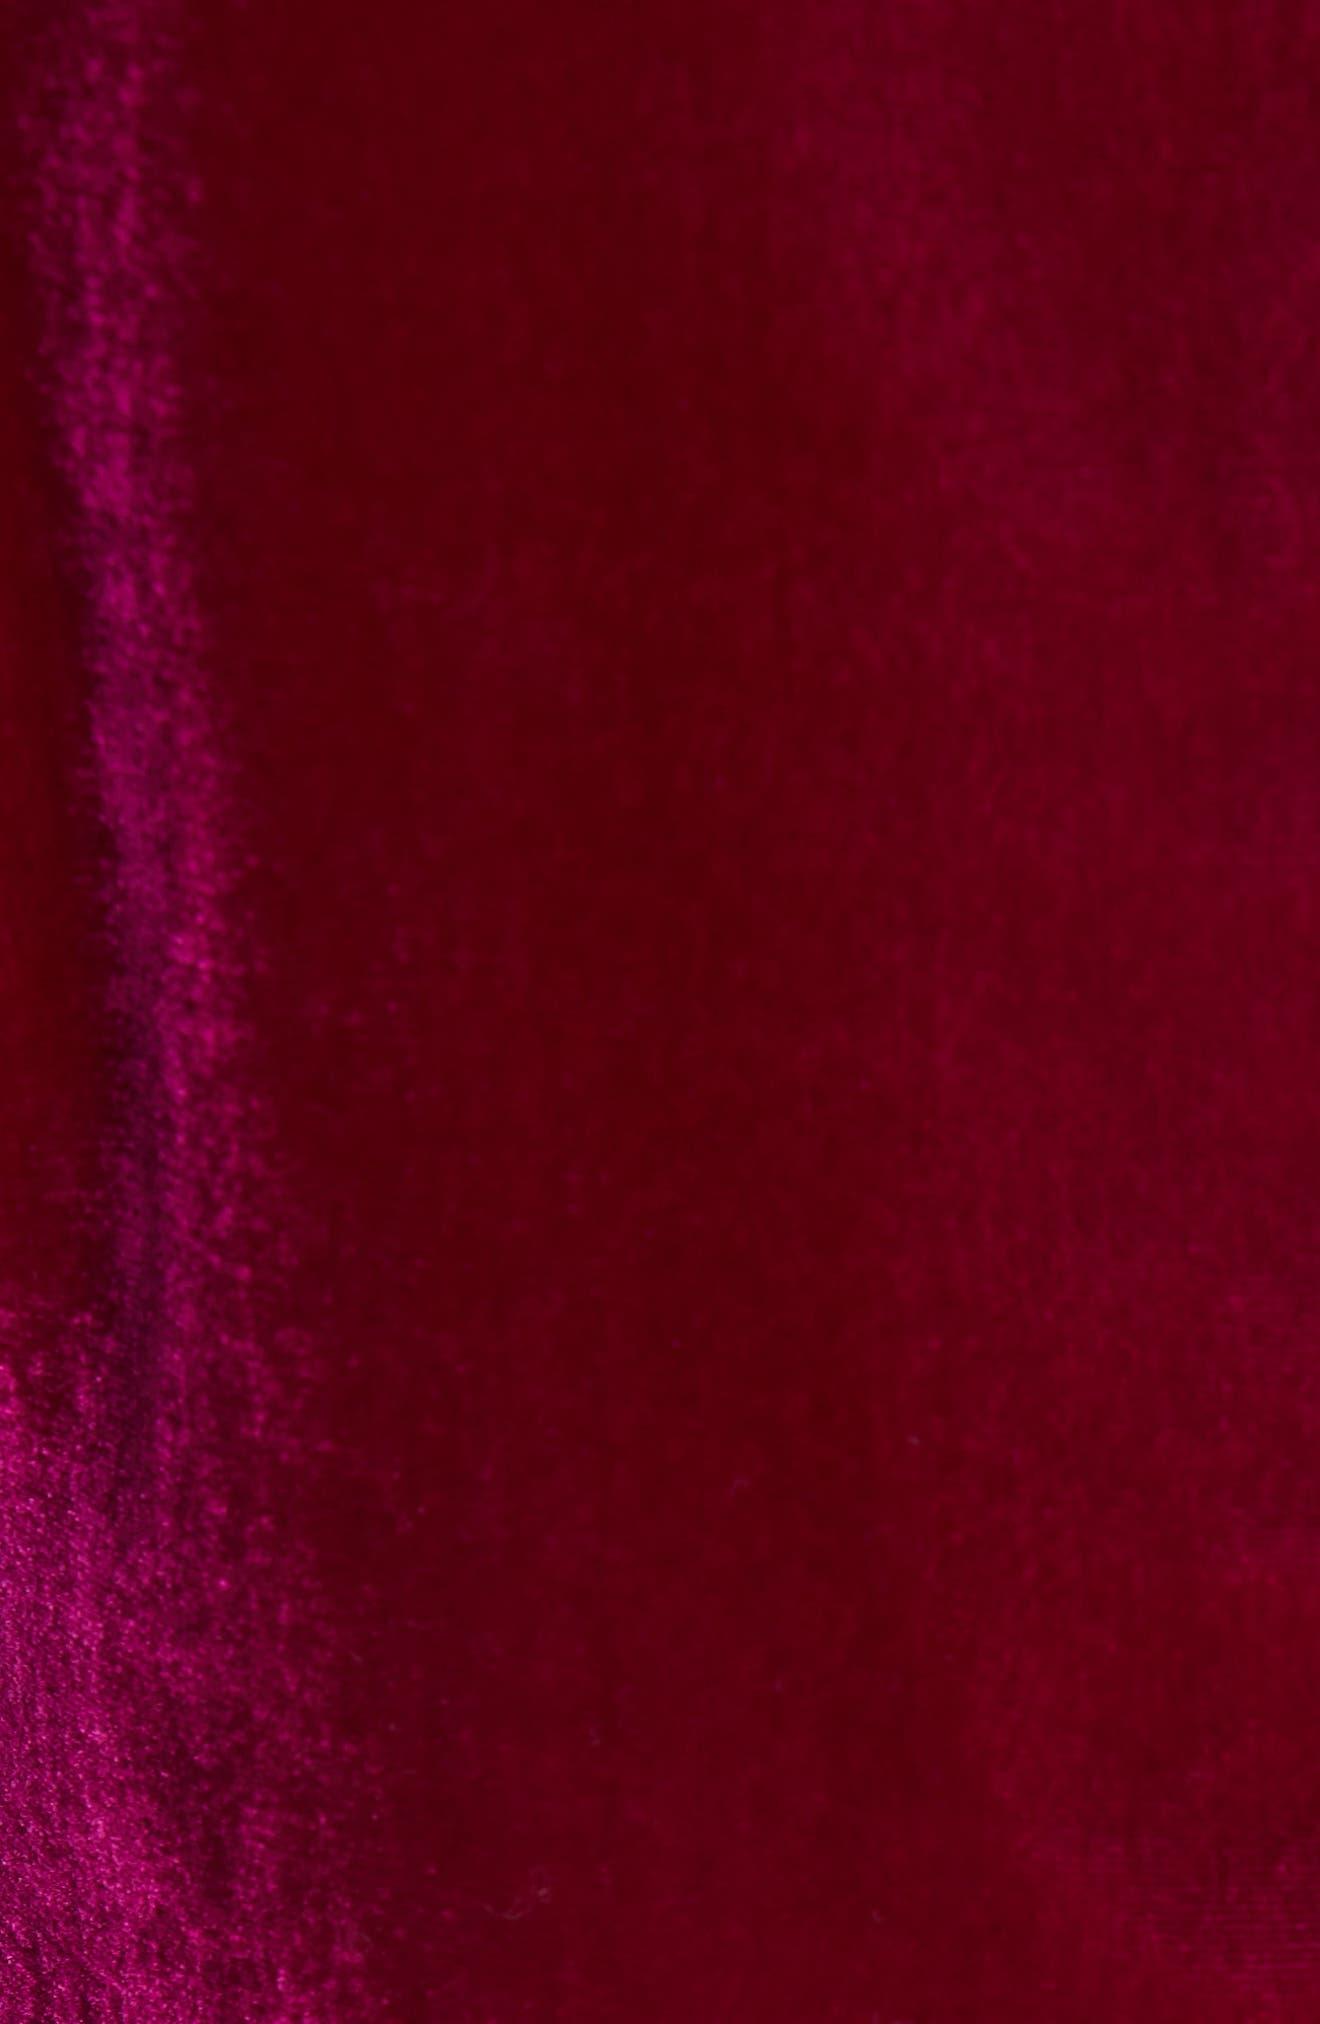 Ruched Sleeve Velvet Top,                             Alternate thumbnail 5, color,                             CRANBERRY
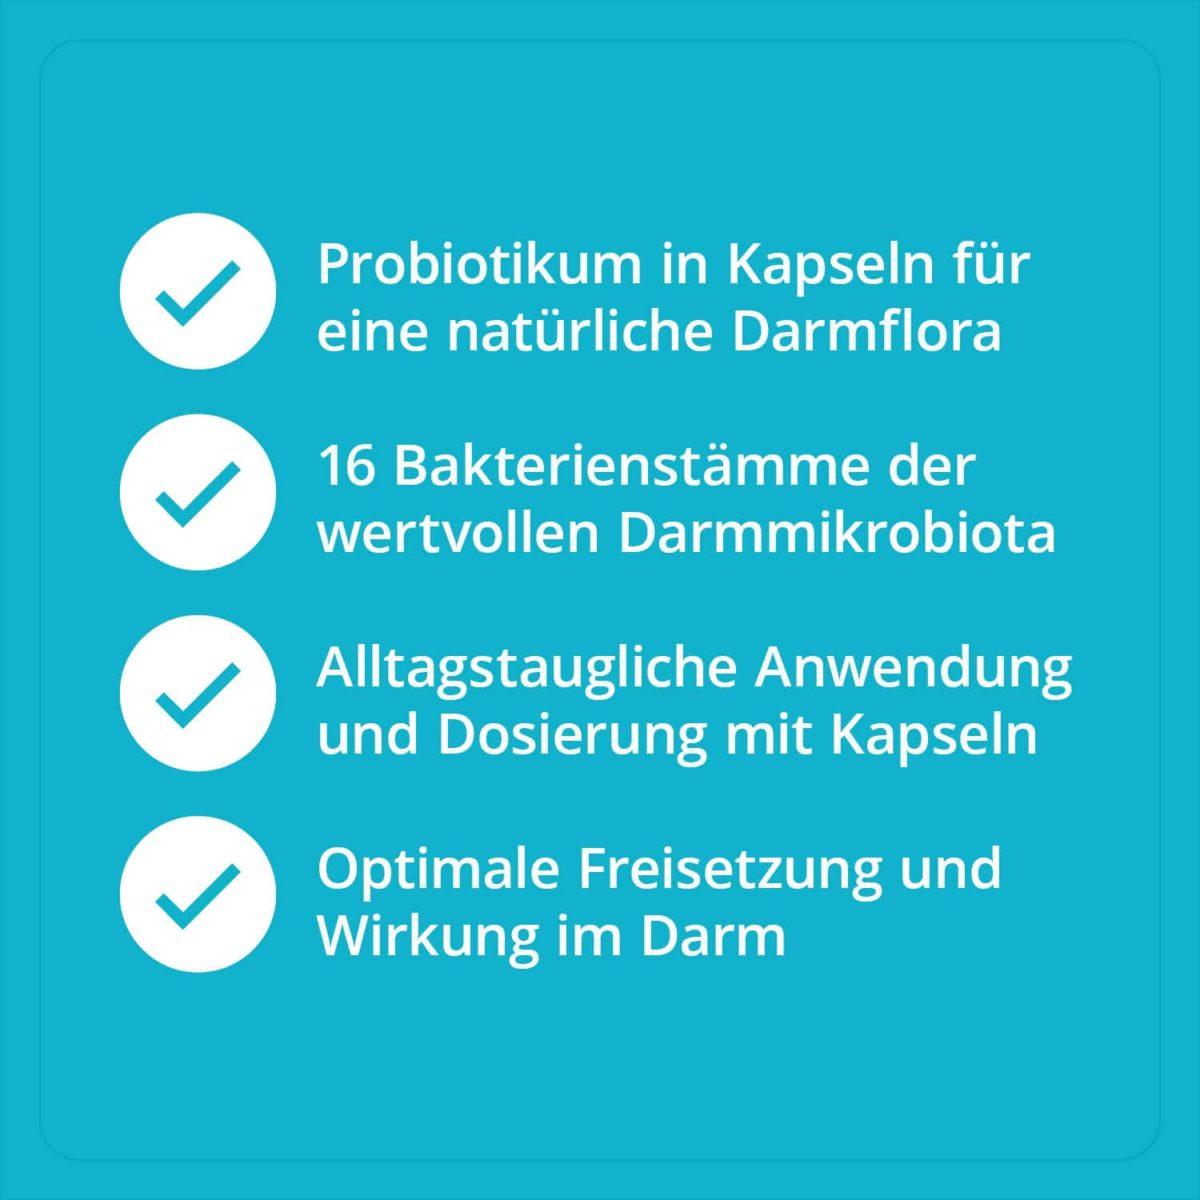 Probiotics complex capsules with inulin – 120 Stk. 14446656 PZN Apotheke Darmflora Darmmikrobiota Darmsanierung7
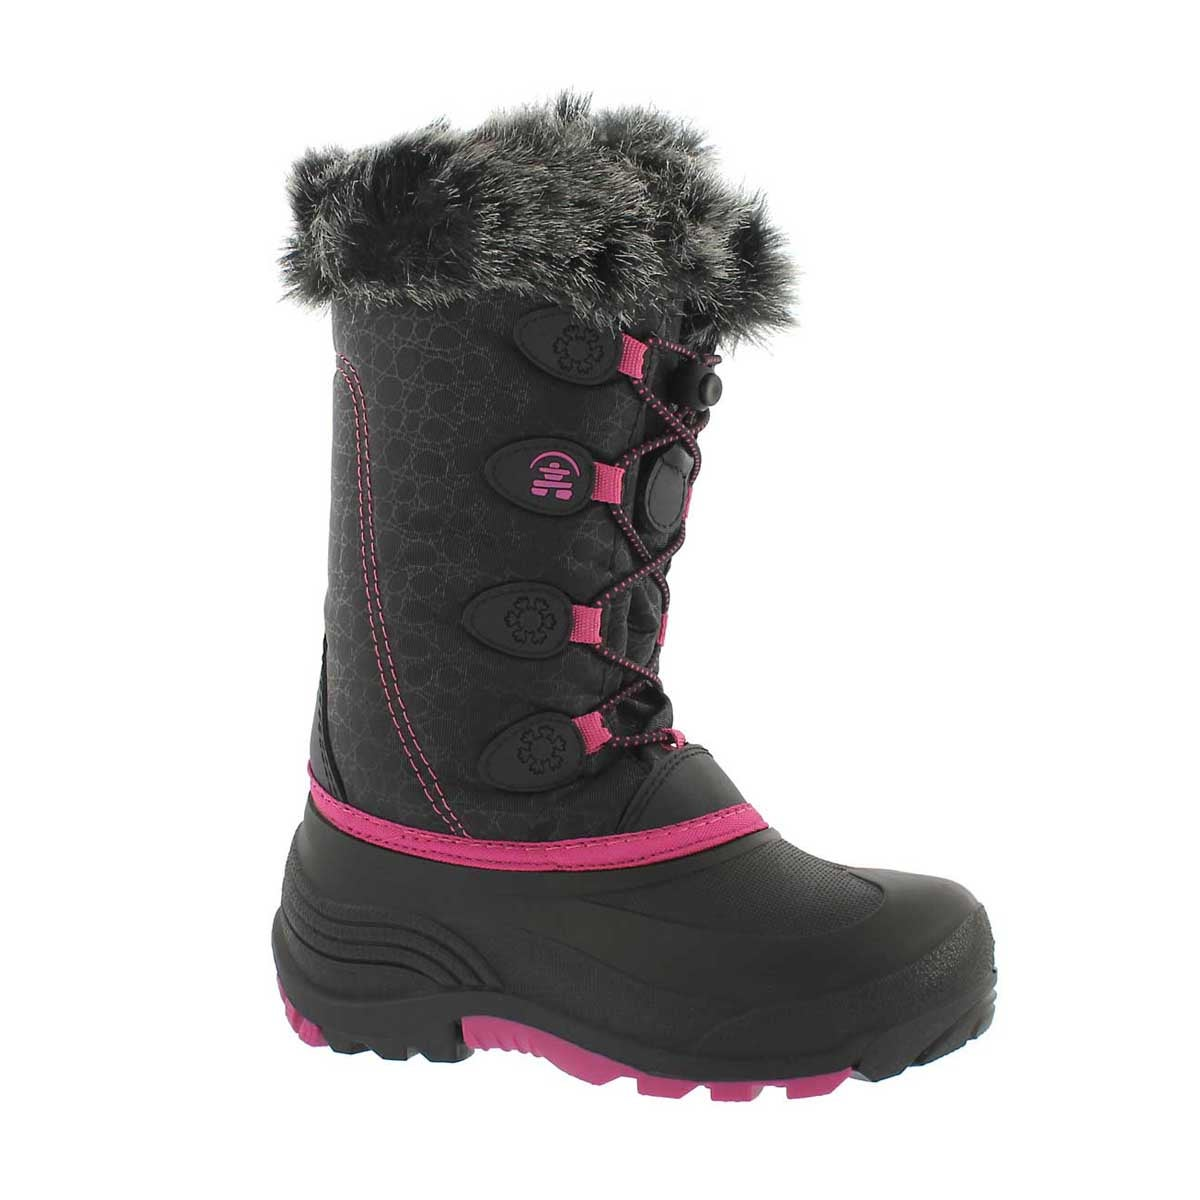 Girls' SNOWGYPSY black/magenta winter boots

*Exercise brief*:
In your copy, restate the data above word for word but leave out any picture.

*Reply*:
 Ruched Sleeve Velvet Top,                             Alternate thumbnail 5, color,                             CRANBERRY
 Probiotics complex capsules with inulin – 120 Stk. 14446656 PZN Apotheke Darmflora Darmmikrobiota Darmsanierung7
 Girls' SNOWGYPSY black/magenta winter boots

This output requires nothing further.